For the current update, i've written above upgrade instructions. Worked flawlessly, though still with a bit of manual interaction in the webui...

OKE Upgrade 1.29.1

I mostly skipped 1.27.2 & 1.28.2 (on the workers) and went for the 1.29 release. As the UI didn't prompt for a direct upgrade path of the control-plane, i upgraded the k8s-tf version to the prompted next release, ran the upgrade, and continued with the next version.

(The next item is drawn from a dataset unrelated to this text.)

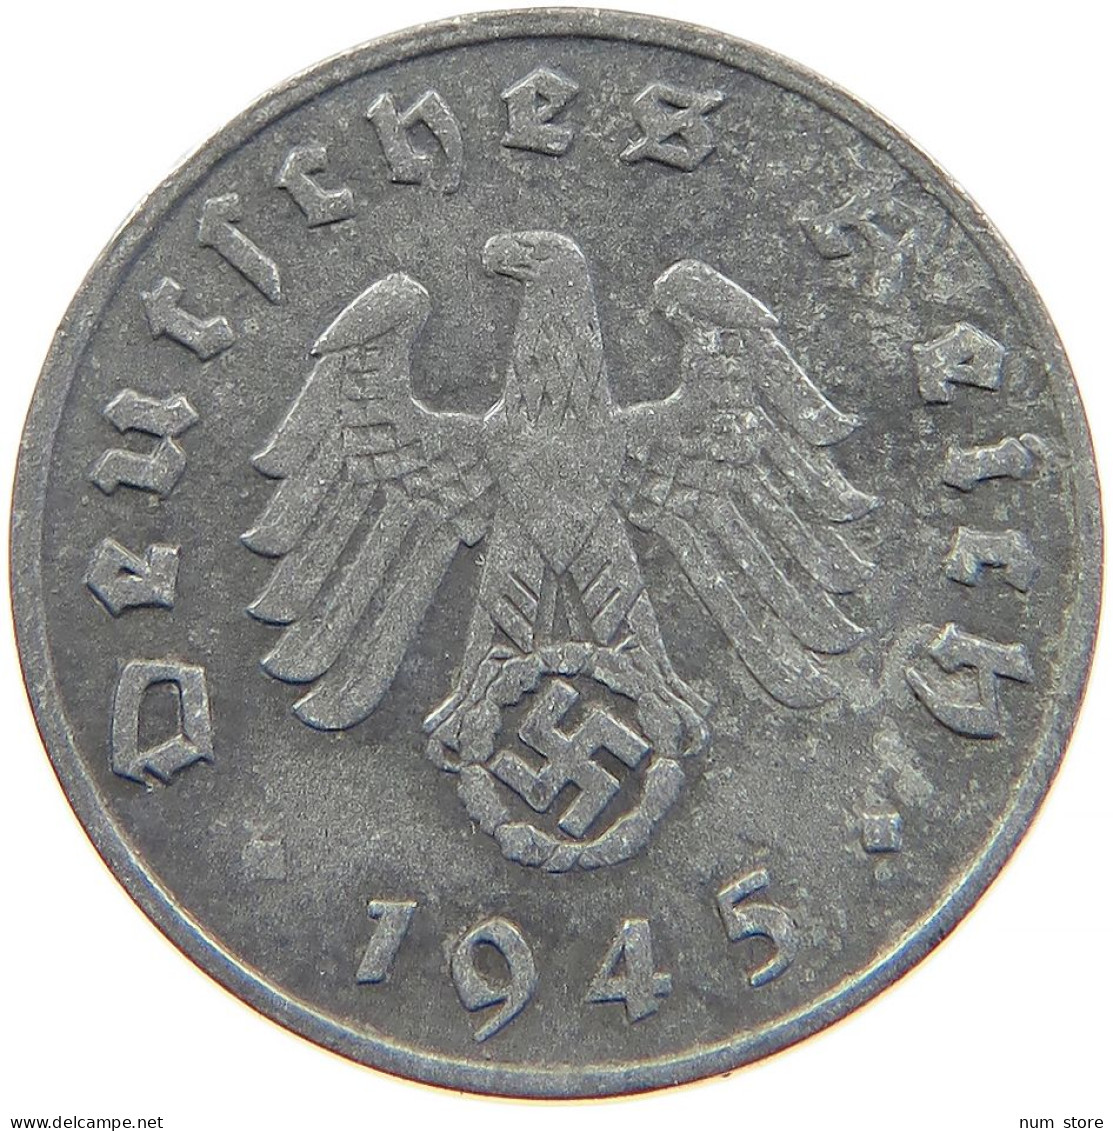 GERMANY 1 PFENNIG 1945 E RARE #t033 0235 - 1 Reichspfennig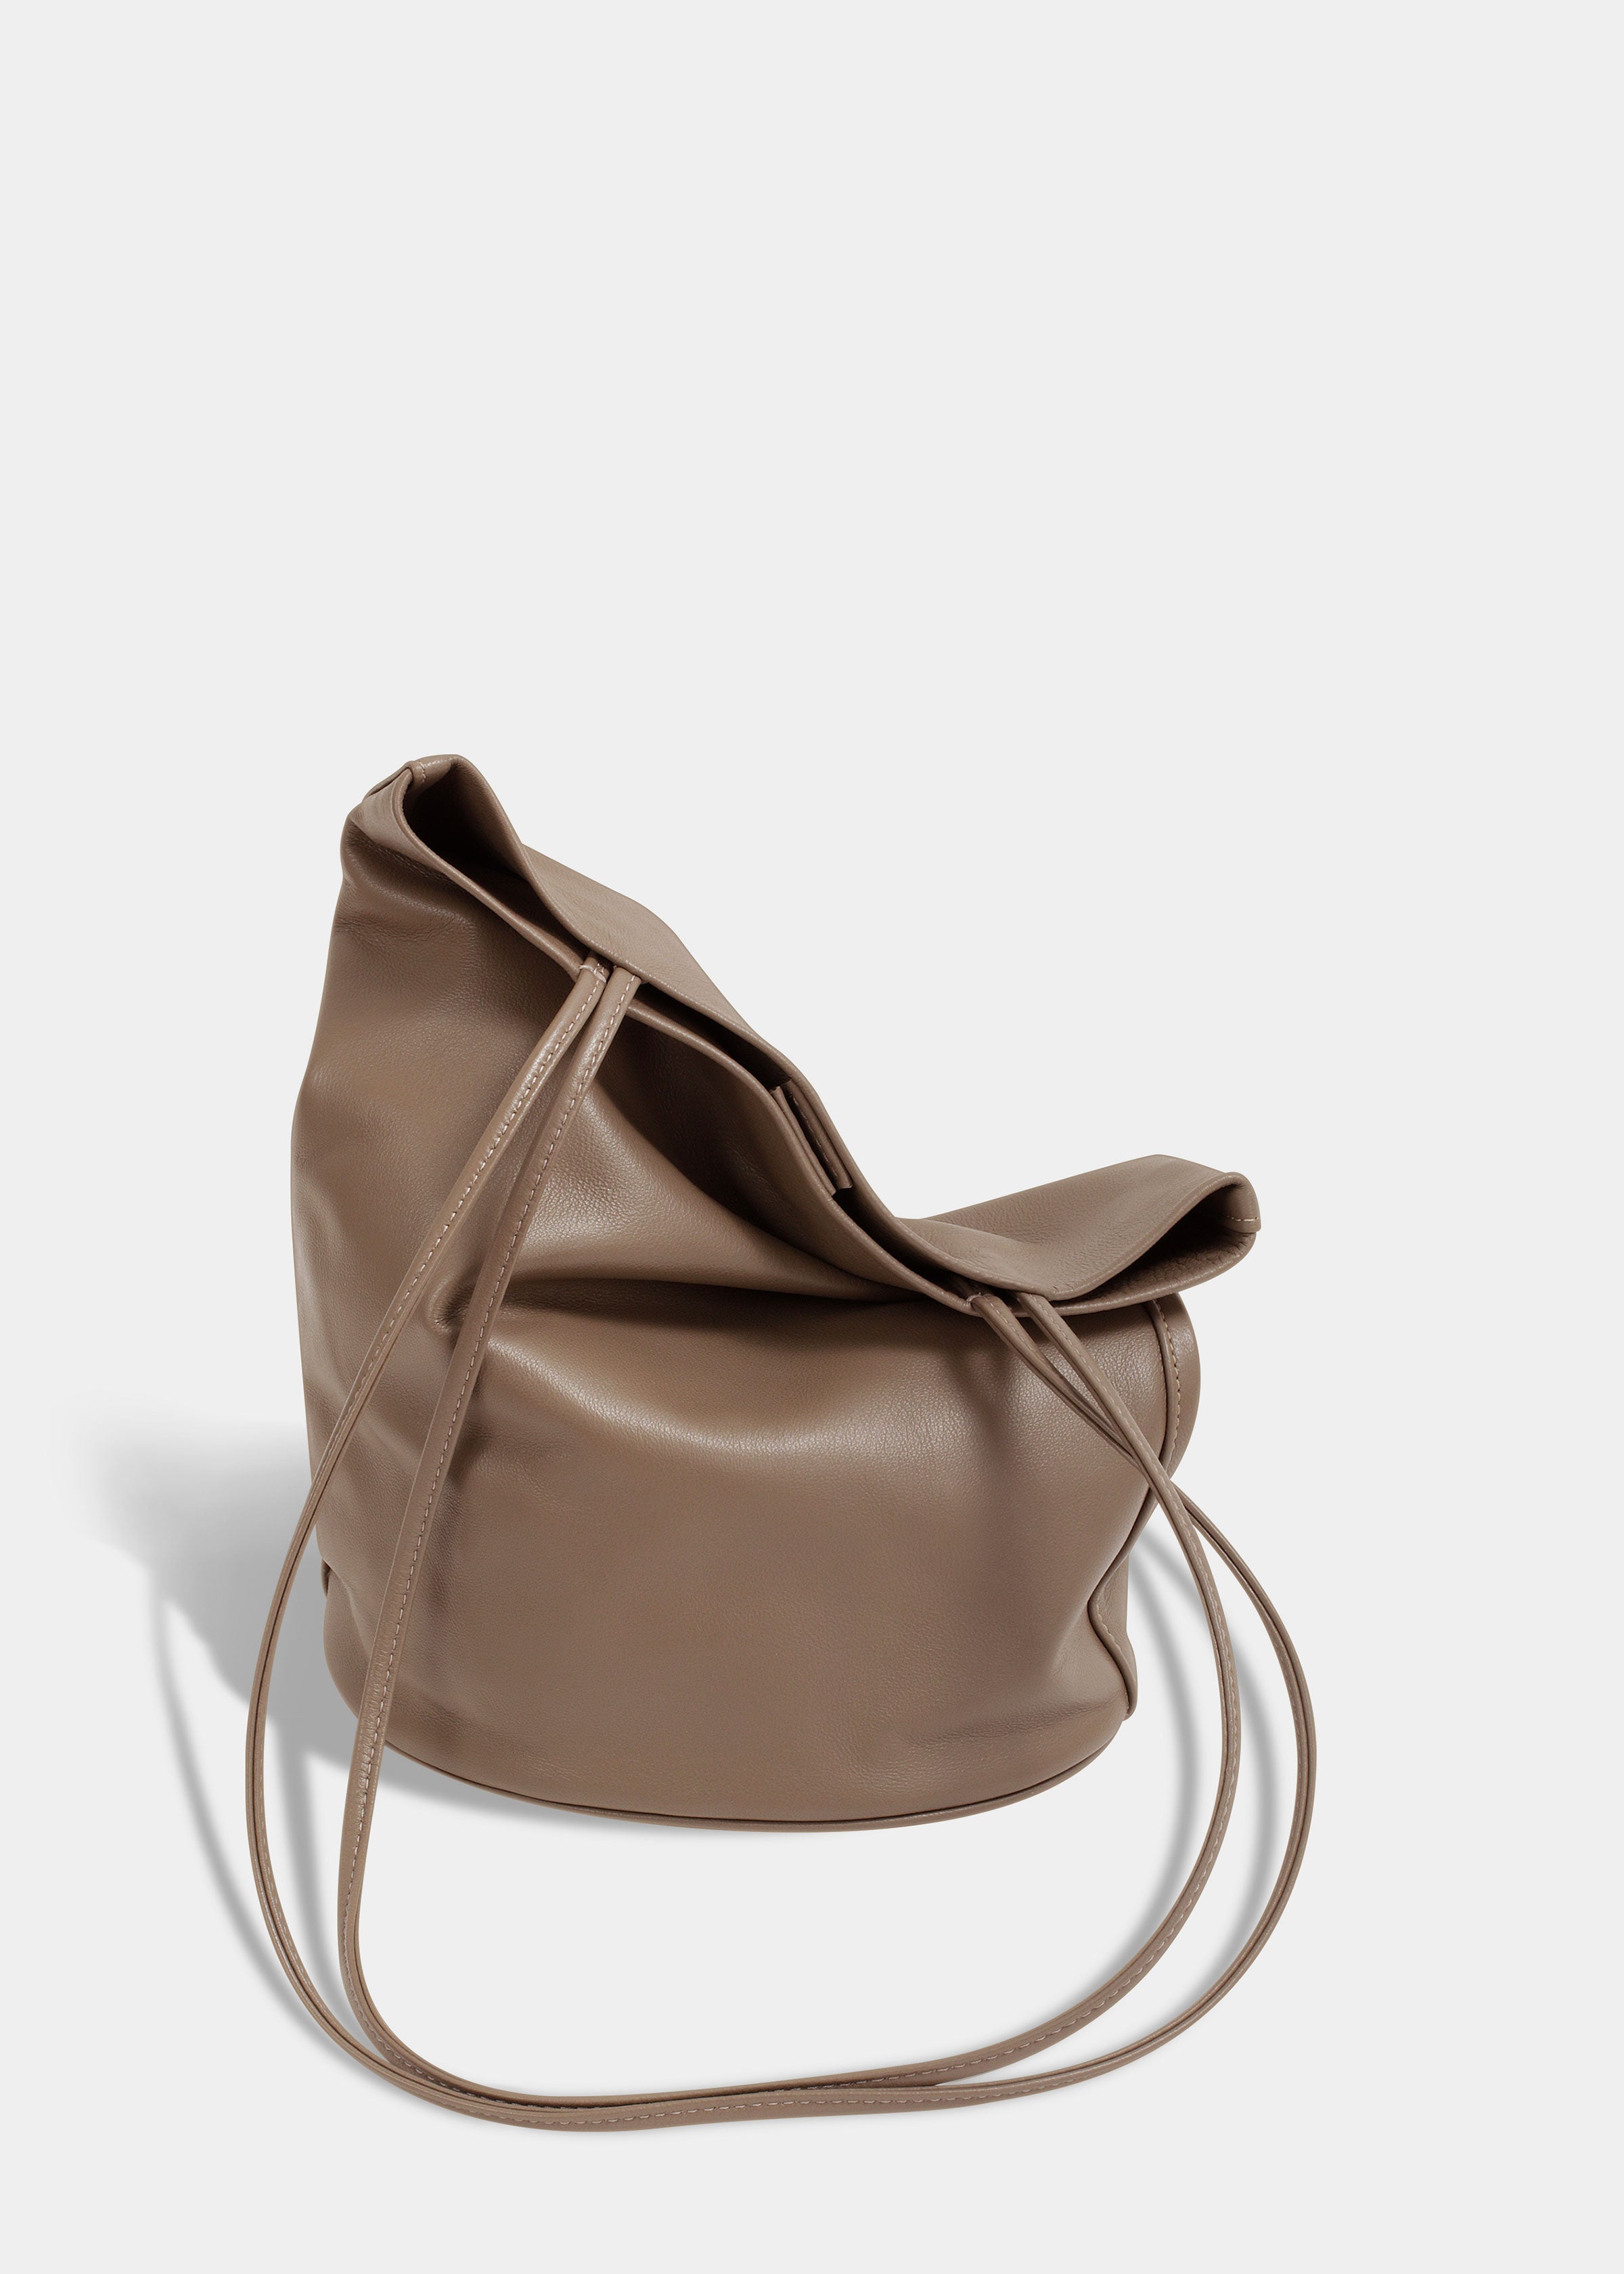 Drape Oval Bucket | Earth | Handbags | Modern Weaving | Modern Weaving

The worker nodes remained at 1.26.7 during the oke upgrade, which worked because with 1.28 the new skew policy allows for worker nodes to be three versions behind.

OKE Upgrade 1.25.4

⚠️ remember to remove any PSPs first

  1. Upgrade the nodepool & cluster version by setting the k8s variable; Run terrafrom (takes ~10min)
  2. Drain/Cordon worker01
  3. Go to the UI; delete the worker01 from the nodepool
  4. Scale the Nodepool back to 2 (takes ~10min)
  5. Wait for longhorn to sync (no volume in state degraded)
  6. repeat for second node (2-5)

OKE Upgrade 1.24

The 1.23.4 -> 1.24.1 Kubernetes Upgrade went pretty smooth, but by hand.

I followed the official guide:

Longhorn synced all volumes after the new node got ready. No downtime experienced.